AgentSkillsCN

anofox-forecast

Anofox Forecast DuckDB 扩展(v0.4.2)的全面参考手册。适用于处理 ts_* 或 anofox_fcst_ts_* 函数、在 DuckDB 中进行时间序列预测,或使用 anofox_forecast 扩展时使用。提供 API 签名、模型选择、常用工作流,以及关键注意事项与常见陷阱。

SKILL.md
--- frontmatter
name: anofox-forecast
description: >
  Comprehensive reference for the Anofox Forecast DuckDB extension (v0.4.2).
  Use when working with ts_* or anofox_fcst_ts_* functions, time series
  forecasting in DuckDB, or the anofox_forecast extension. Provides API
  signatures, model selection, common workflows, and critical gotchas.
version: 0.4.2
user-invocable: false

Anofox Forecast DuckDB Extension — Cheat Sheet

Extension: anofox_forecast v0.4.2 | DuckDB: v1.1.x+ | Dual naming: ts_* and anofox_fcst_ts_*

Installation

sql
LOAD anofox_forecast;
-- All functions available as ts_* and anofox_fcst_ts_* (identical)

Critical Gotchas

  1. Seasonality is NOT auto-detected. You must pass seasonal_period explicitly. Detect first with ts_detect_periods_by, then pass to forecasting.

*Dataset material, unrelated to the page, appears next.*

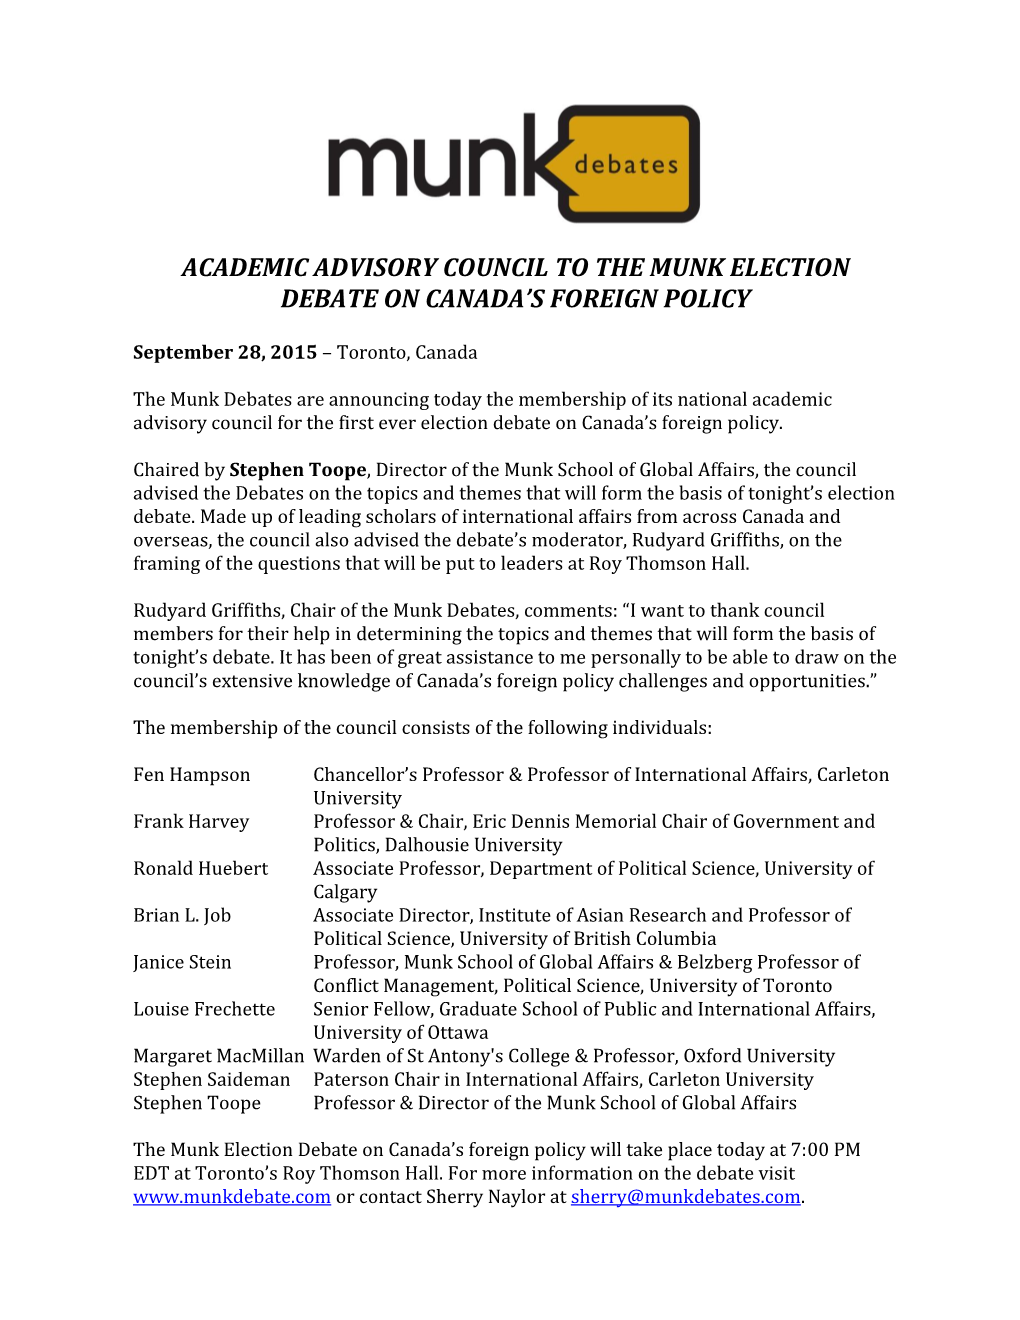 Academic Advisory Council to the Munk Election Debate on Canada's
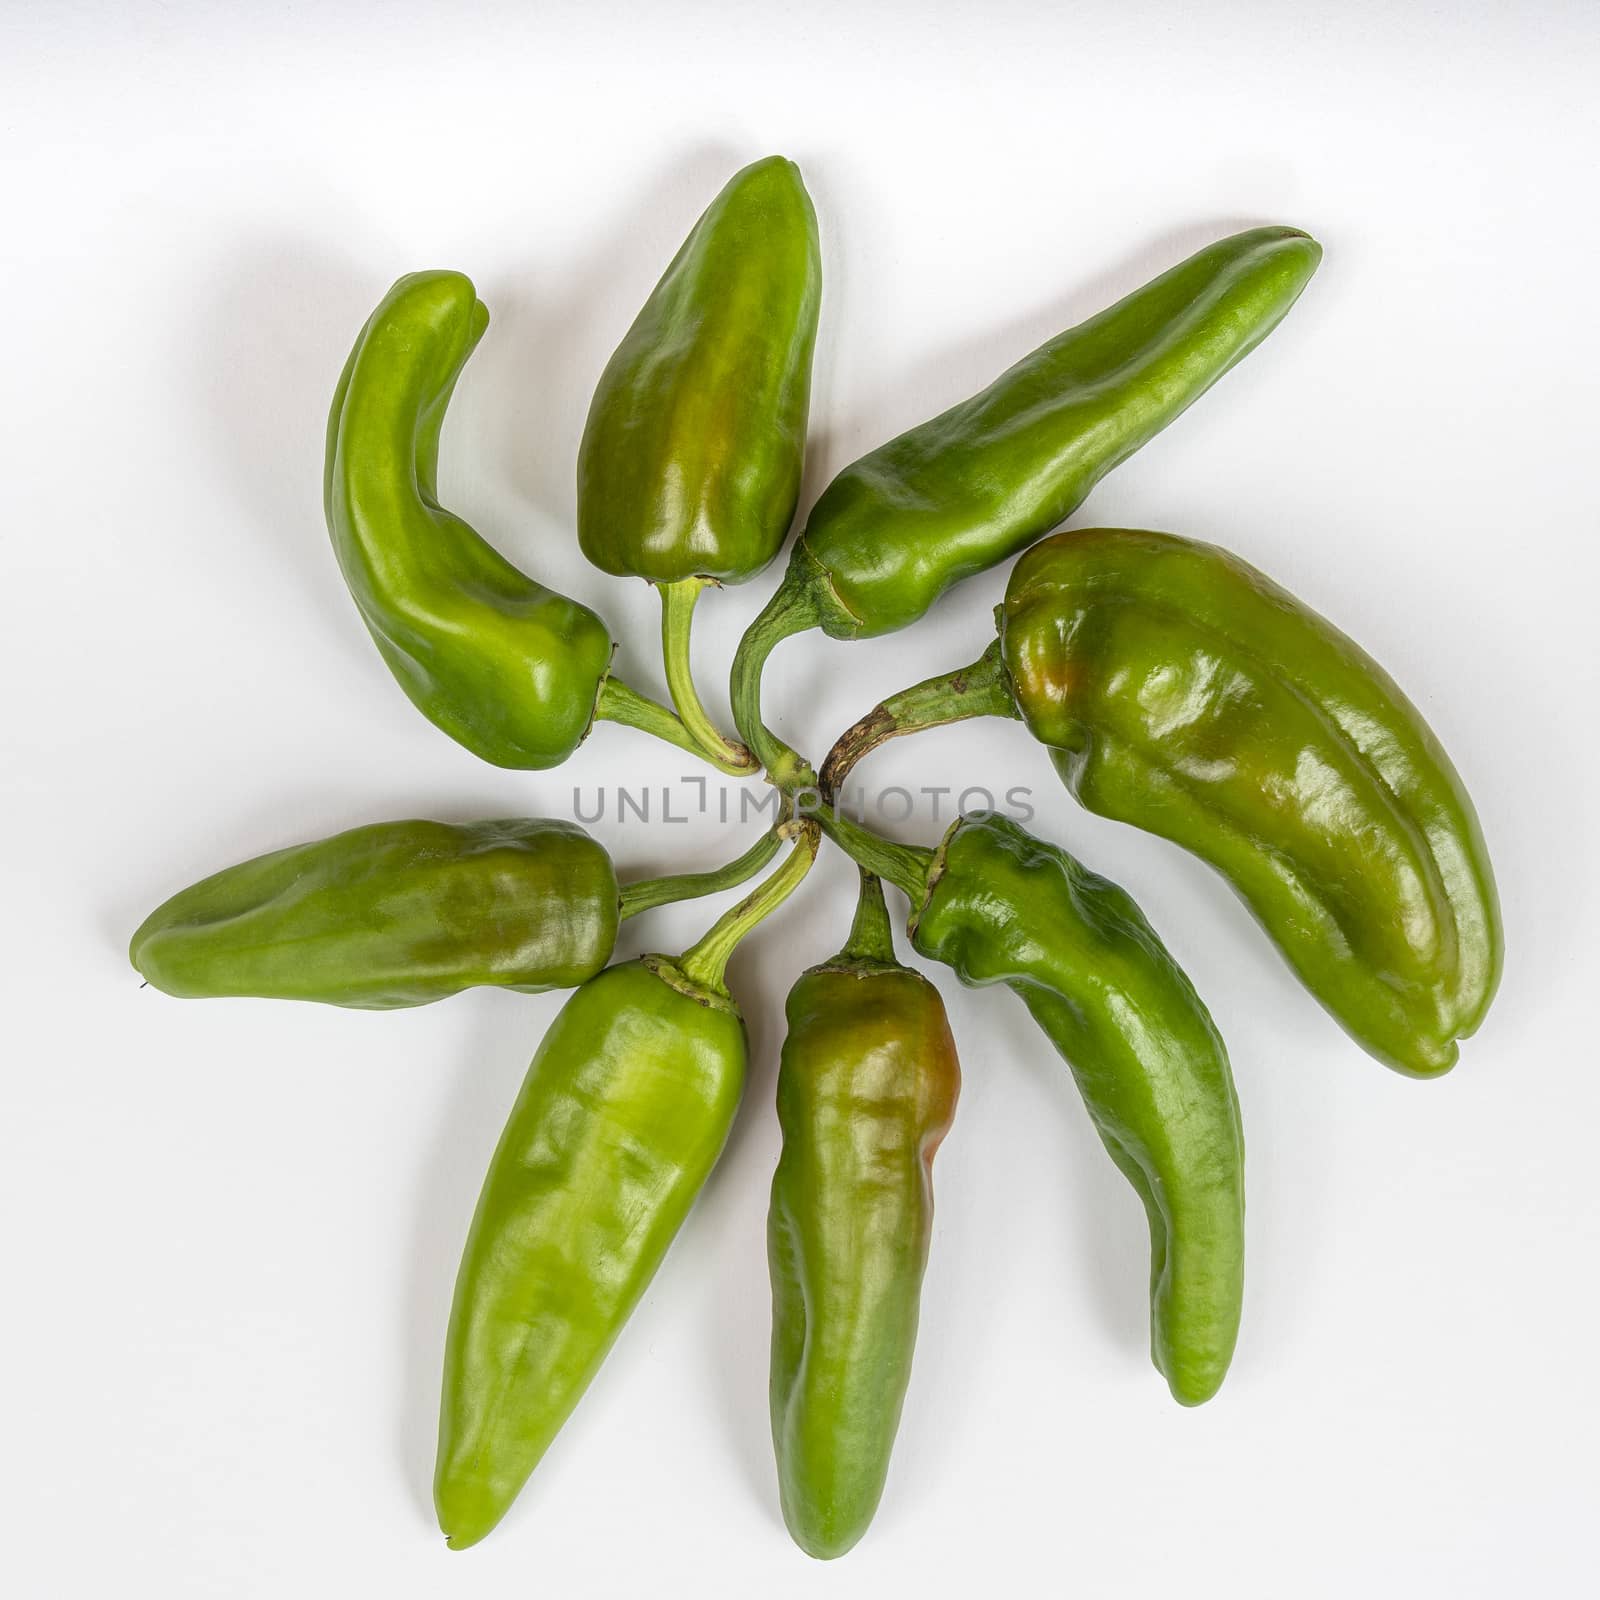 A composition of some green peppers on a colored surface

  2. DO NOT chain _by table functions in CTEs. Returns 0 rows silently under parallel execution. Always CREATE TABLE between pipeline steps:

    sql
    -- BROKEN (0 rows):
    WITH step1 AS (SELECT * FROM ts_fill_gaps_by(...))
    SELECT * FROM ts_fill_nulls_const_by('step1', ...);
    
    -- CORRECT:
    CREATE TABLE step1 AS SELECT * FROM ts_fill_gaps_by(...);
    SELECT * FROM ts_fill_nulls_const_by('step1', ...);
    
  3. Model names are case-sensitive. 'AutoETS' works, 'autoets' errors.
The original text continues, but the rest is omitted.